Booking.com provides both an overall rating and a separate room score. What's the gap?

In [None]:
has_both = booking.dropna(subset=['room_score']).copy()
has_both['gap'] = has_both['room_score'] - has_both['rating']

room_higher = (has_both['gap'] > 0).sum()
room_equal = (has_both['gap'] == 0).sum()
room_lower = (has_both['gap'] < 0).sum()

print(f'Hotels analyzed: {len(has_both)}')
print(f'Room > Overall: {room_higher} ({room_higher/len(has_both)*100:.0f}%)')
print(f'Room = Overall: {room_equal} ({room_equal/len(has_both)*100:.0f}%)')
print(f'Room < Overall: {room_lower} ({room_lower/len(has_both)*100:.0f}%)')
print(f'Mean gap: +{has_both["gap"].mean():.2f}')

In [None]:
fig, (ax1, ax2) = plt.subplots(1, 2, figsize=(15, 7), gridspec_kw={'width_ratios': [1, 1.4]})

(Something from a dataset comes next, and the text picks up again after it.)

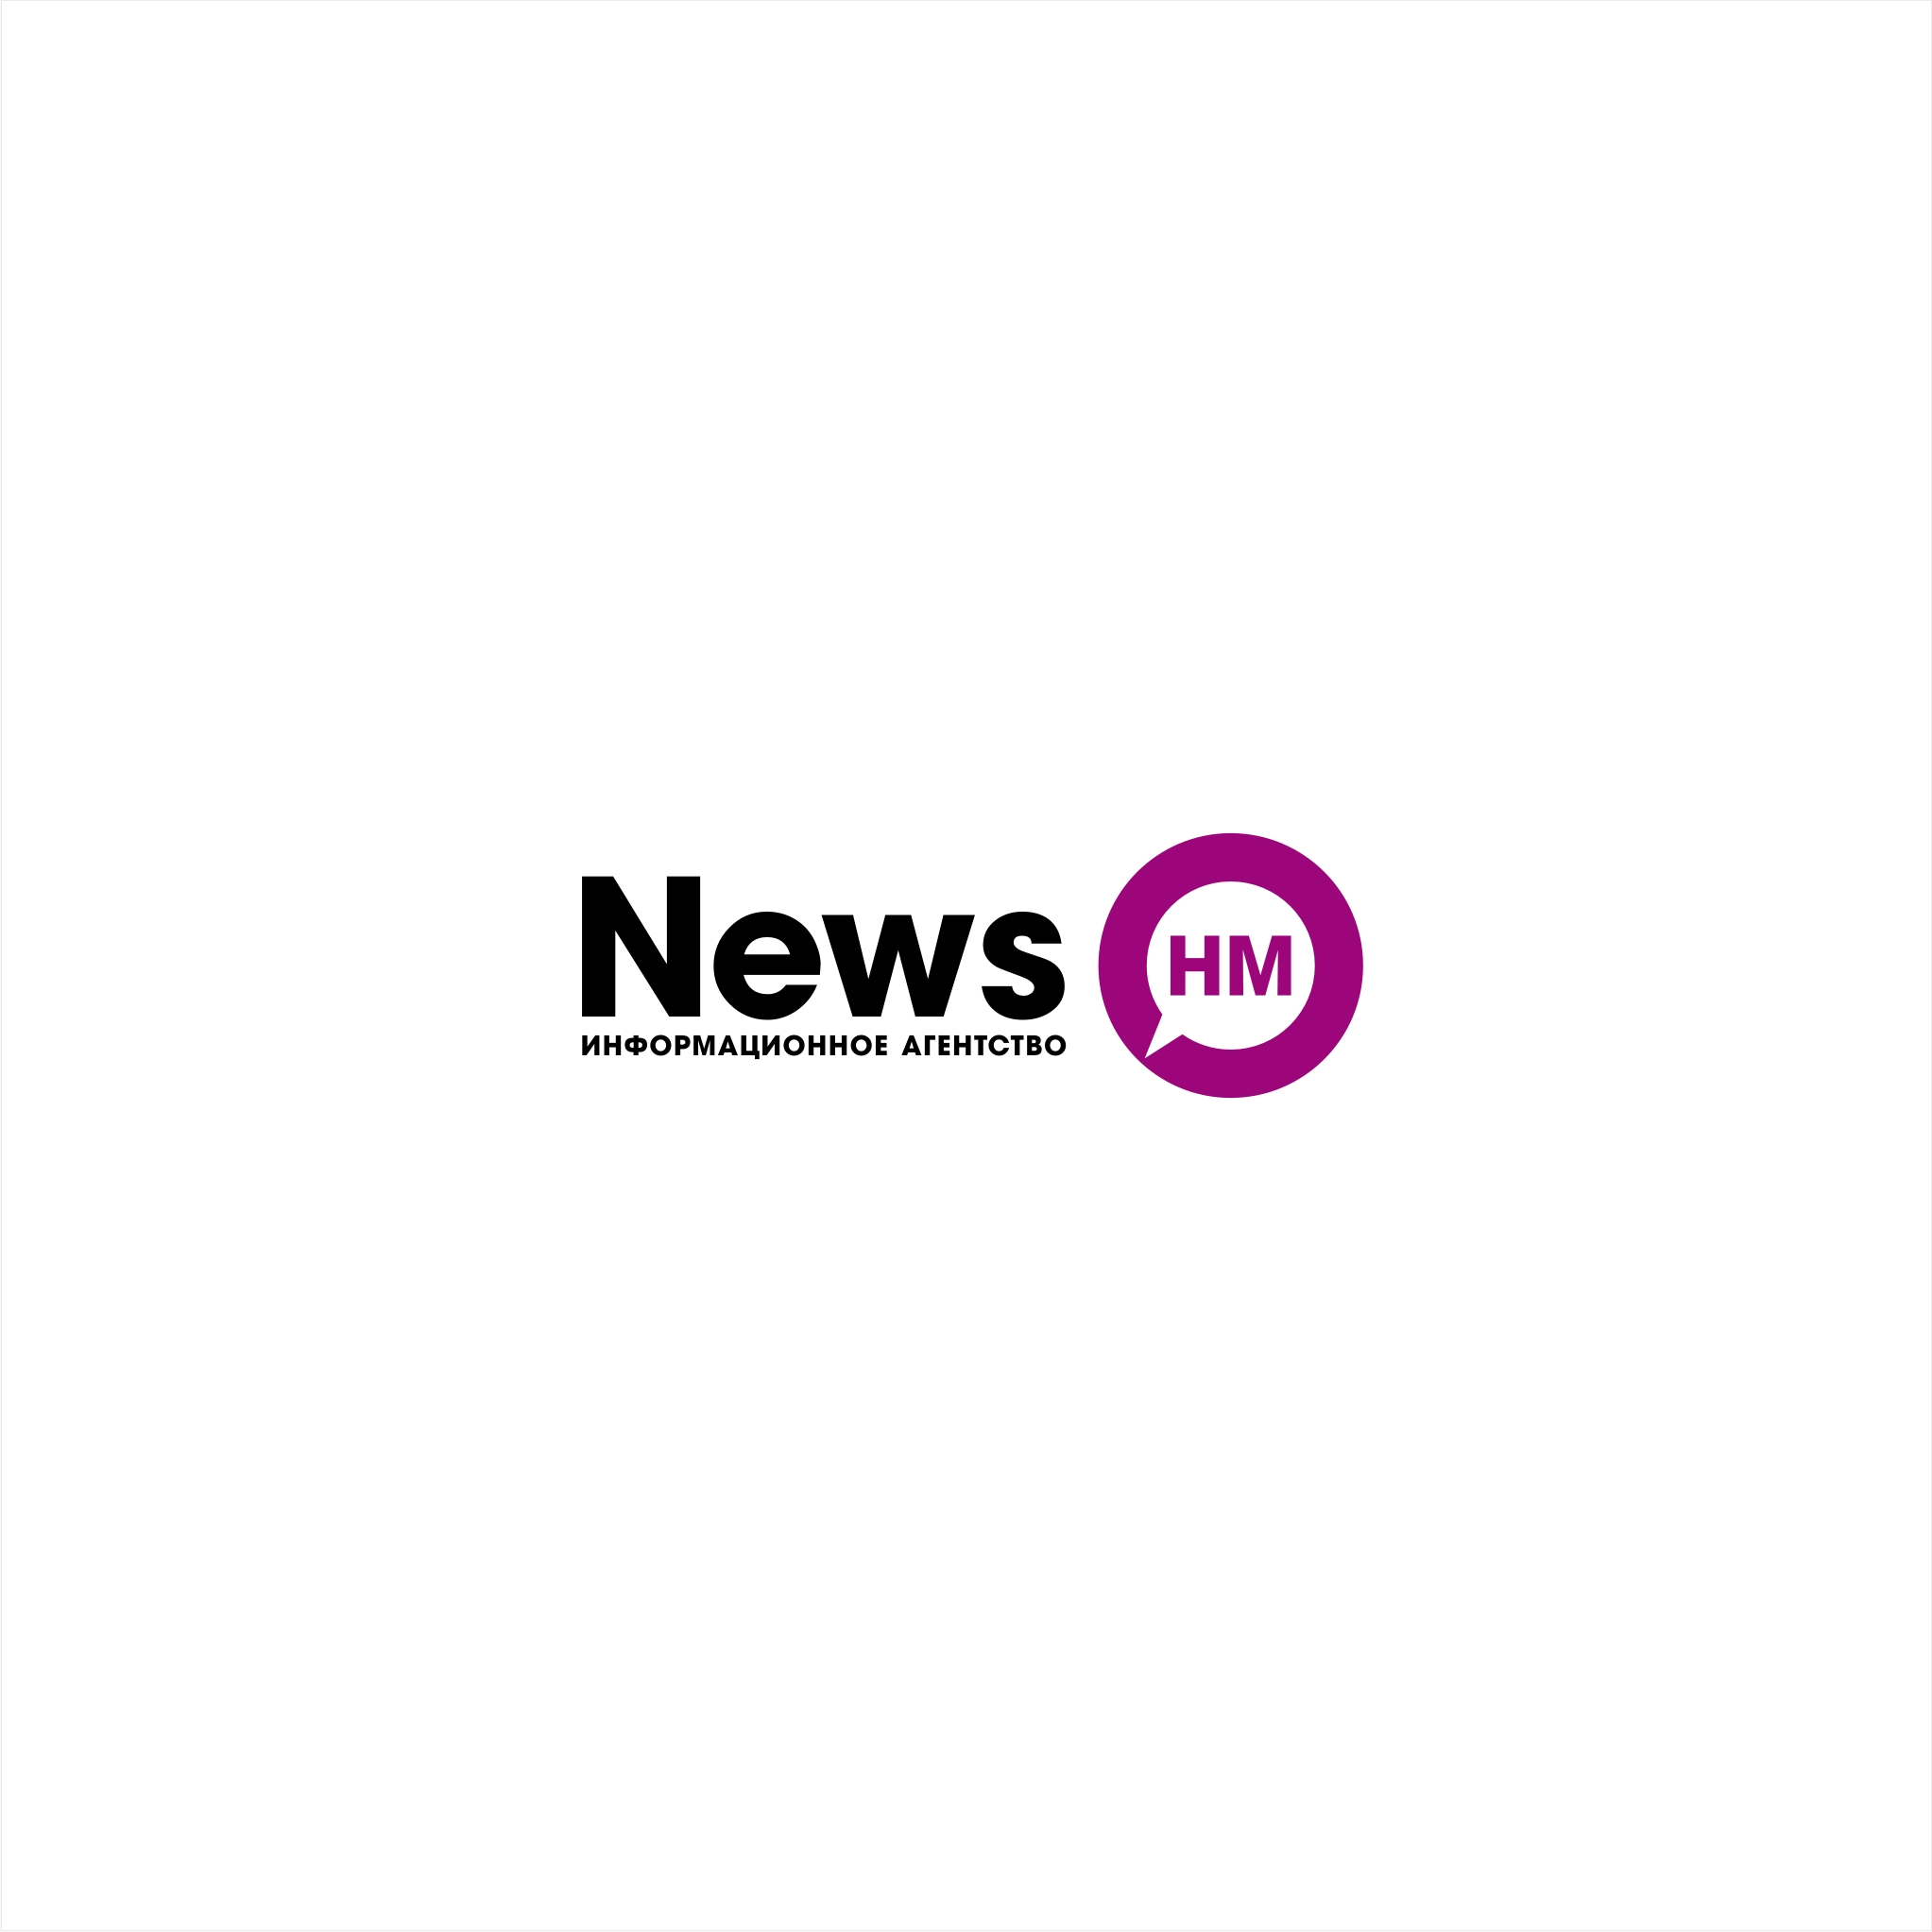 Логотип для информационного агентства фото f_8855aa68b19339ad.jpg

sizes = [room_higher, room_equal, room_lower]
pie_colors = [ACCENT, YELLOW, RED]
wedges, texts, _ = ax1.pie(sizes, colors=pie_colors, startangle=90, autopct='',
                            textprops={'color': '#FFFFFF', 'fontsize': 11},
                            pctdistance=0.75, labeldistance=1.15)
labels_pie = [
    f'Room > Overall\n{room_higher} ({room_higher/len(has_both)*100:.0f}%)',
    f'Equal\n{room_equal} ({room_equal/len(has_both)*100:.0f}%)',
    f'Room < Overall\n{room_lower} ({room_lower/len(has_both)*100:.0f}%)']
for text, label in zip(texts, labels_pie):
    text.set_text(label); text.set_fontsize(11)
ax1.set_title('Room Score vs Overall Rating', fontsize=16, fontweight='bold', pad=15)

ax2.hist(has_both['gap'], bins=40, color=ACCENT, alpha=0.8, edgecolor='none')
ax2.axvline(0, color=RED, linestyle='--', linewidth=2, label='No gap (0)')
ax2.axvline(has_both['gap'].mean(), color=YELLOW, linestyle='--', linewidth=2,
            label=f'Mean gap: +{has_both["gap"].mean():.2f}')
ax2.set_title('88% of Hotels: Room Is the Strongest Point', fontsize=16, fontweight='bold', pad=15)
ax2.set_xlabel('Gap (Room Score - Overall Rating)')
ax2.set_ylabel('Number of Hotels')
ax2.legend(facecolor=CARD, edgecolor='#1a2d4a', fontsize=11)
plt.tight_layout()
plt.show()

**Interpretation:** In 88% of cases, the room scores higher than the overall rating. The average gap is +0.30. This means what drags overall ratings down is typically service, cleanliness, location convenience, or value for money — not the room itself. For hotel operators, investing in staff training and non-room amenities would likely have the biggest impact.

---
## 6. Finding 3 — Paris Is the Worst Value; Thailand Dominates Best Value

I created a Value Index (rating / median price * 100) to identify destinations that deliver the best and worst value.

In [None]:
loc_stats = (booking.groupby('location')
    .agg(median_price=('price_eur', 'median'), mean_rating=('rating', 'mean'),
         count=('hotel_name', 'count'))
    .reset_index())
loc_stats = loc_stats[loc_stats['count'] >= 10].copy()
loc_stats['value_index'] = (loc_stats['mean_rating'] / loc_stats['median_price']) * 100

best10 = loc_stats.nlargest(10, 'value_index')
worst10 = loc_stats.nsmallest(10, 'value_index')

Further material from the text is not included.